* _Exercise_
From the line containing "DC COMIC BOOK" to the last line of the data below, copy everything exactly and nothing else; pictures stay out.

* _Information provided_
□ □ □
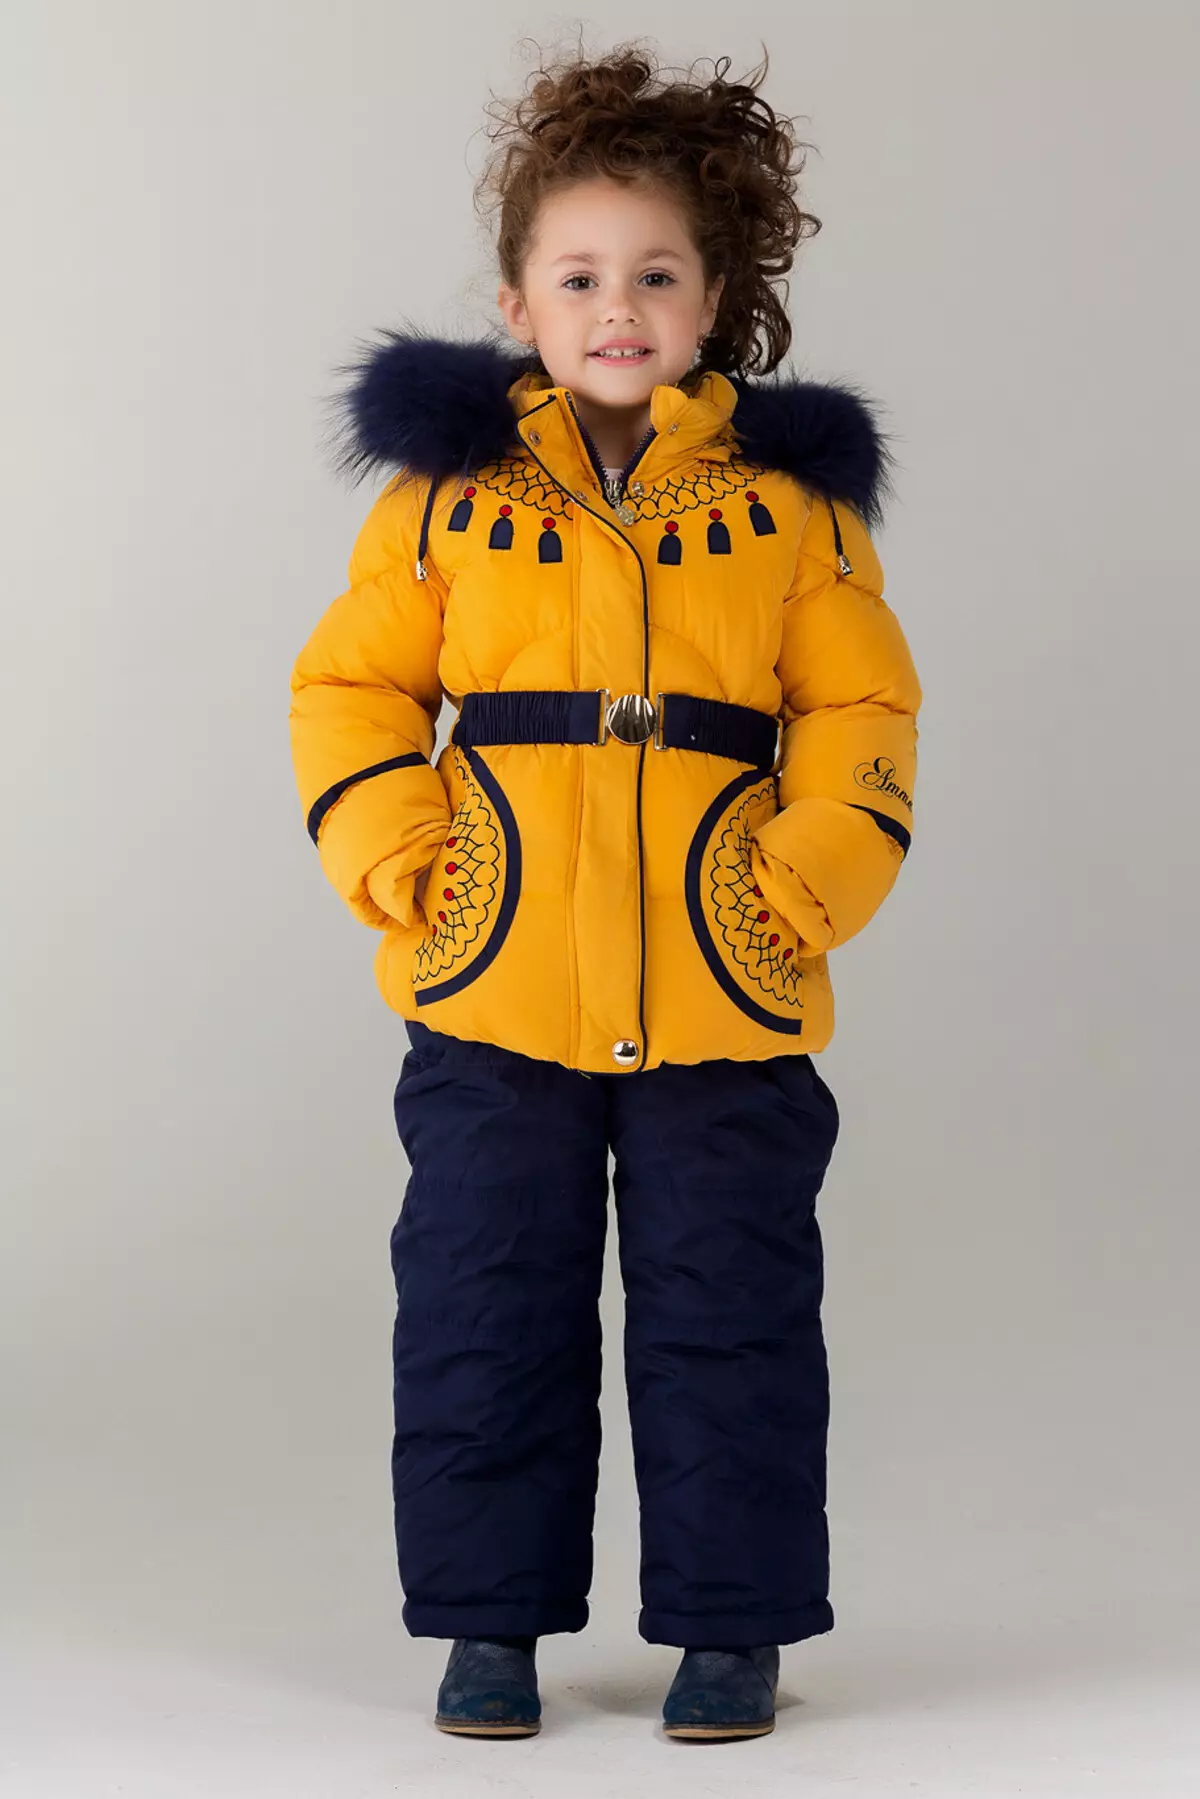 Bilemi (38 장의 사진) : 어린이 의류, 겨울 키트 및 바지, 레인 코트 및 재킷, 브랜드 리뷰 3802_15
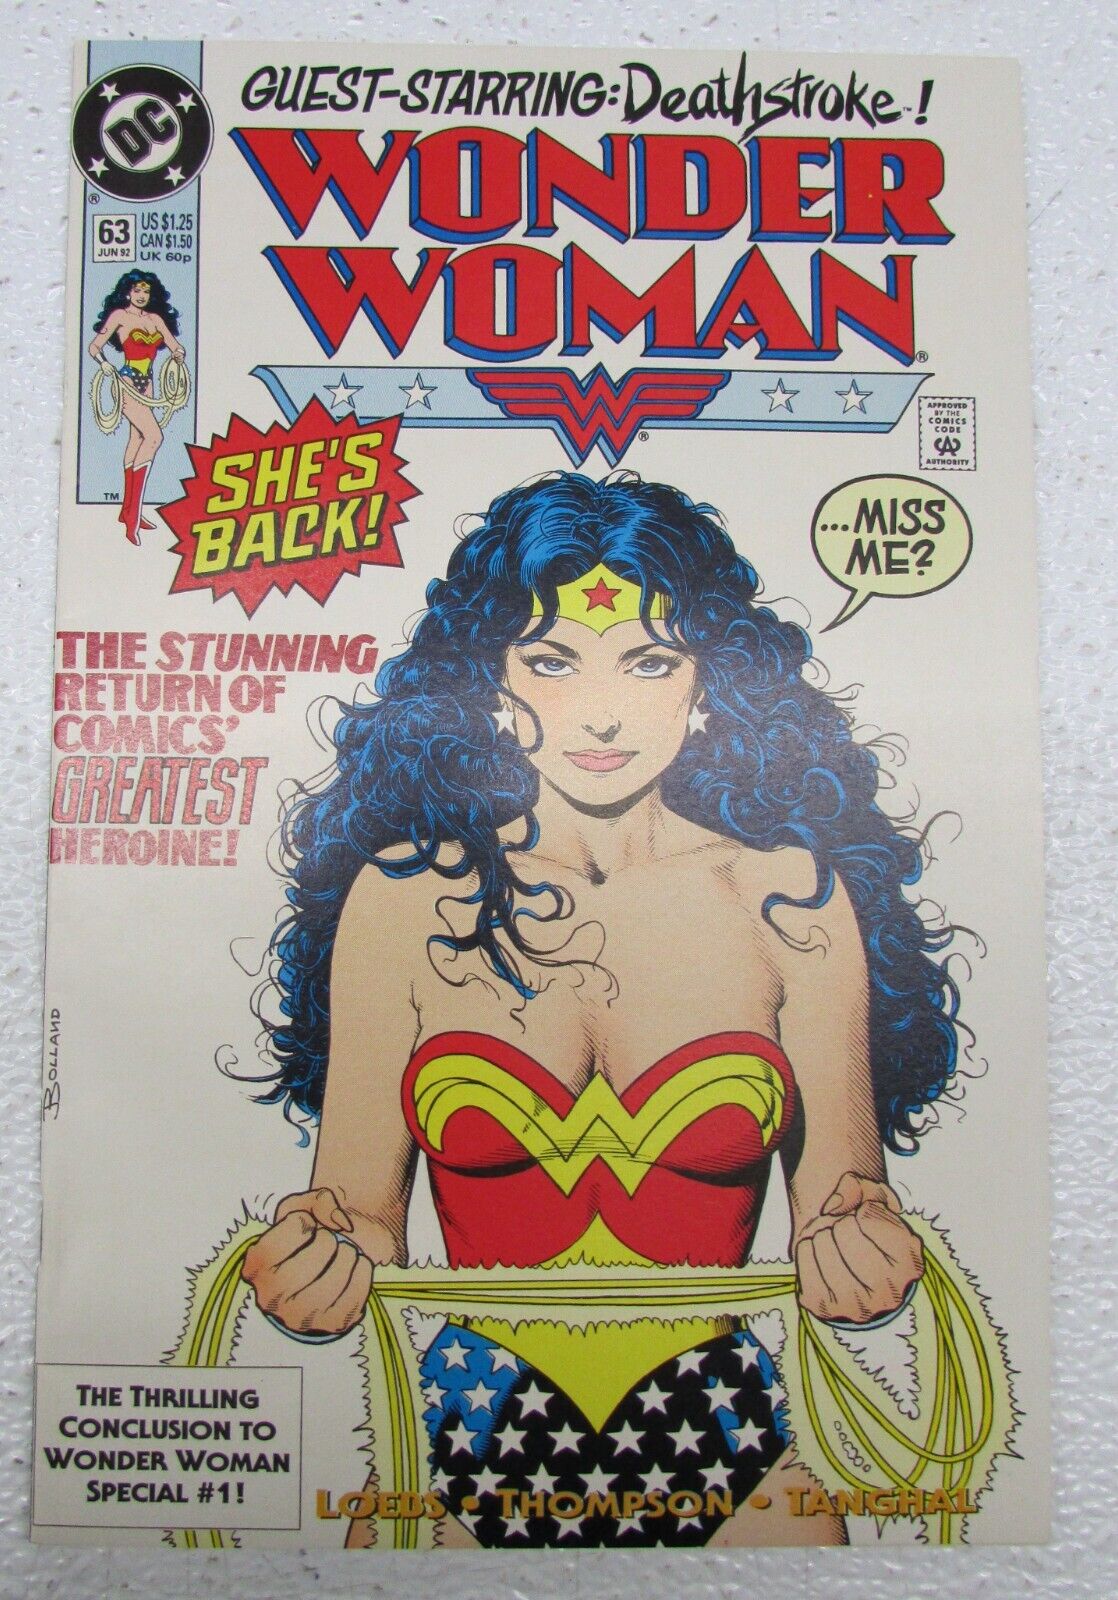 DC COMIC BOOK WONDER WOMAN GUEST STARRING DEATHSTROKE #63 JUN 1992
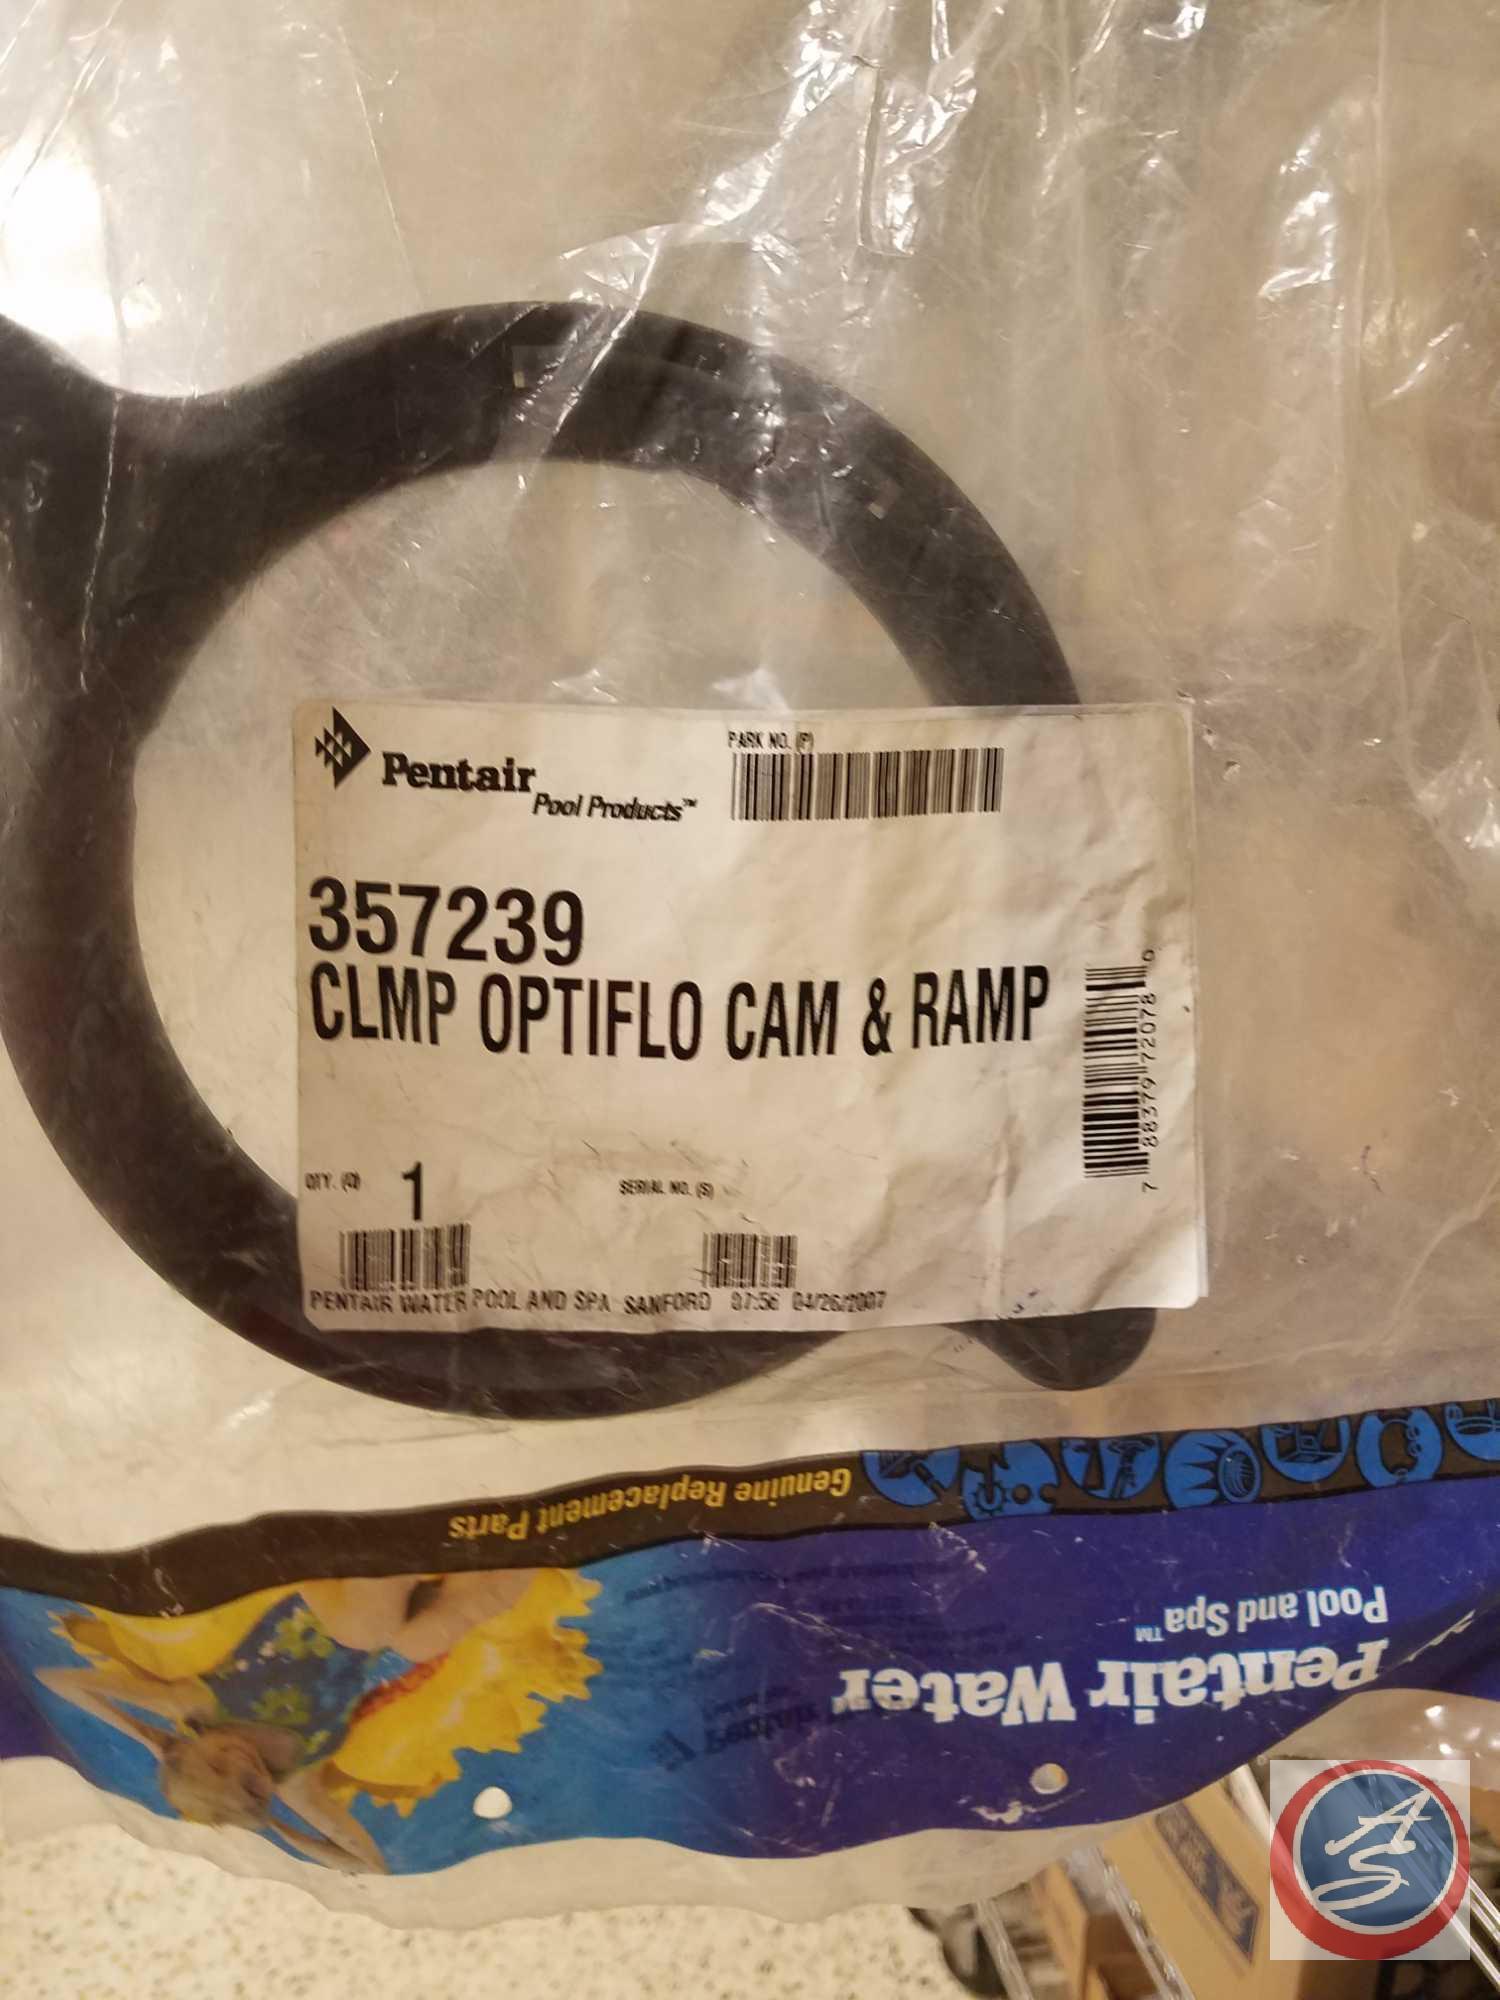 Pentair CLMP OPTIFLO Cam and Ramp Part #357239, Hayword Seal Plate 2.5 & 3 HP, Jet Body Nut Part
□ □ □
* _Answer_
 DC COMIC BOOK WONDER WOMAN GUEST STARRING DEATHSTROKE #63 JUN 1992
 Pentair CLMP OPTIFLO Cam and Ramp Part #357239, Hayword Seal Plate 2.5 & 3 HP, Jet Body Nut Part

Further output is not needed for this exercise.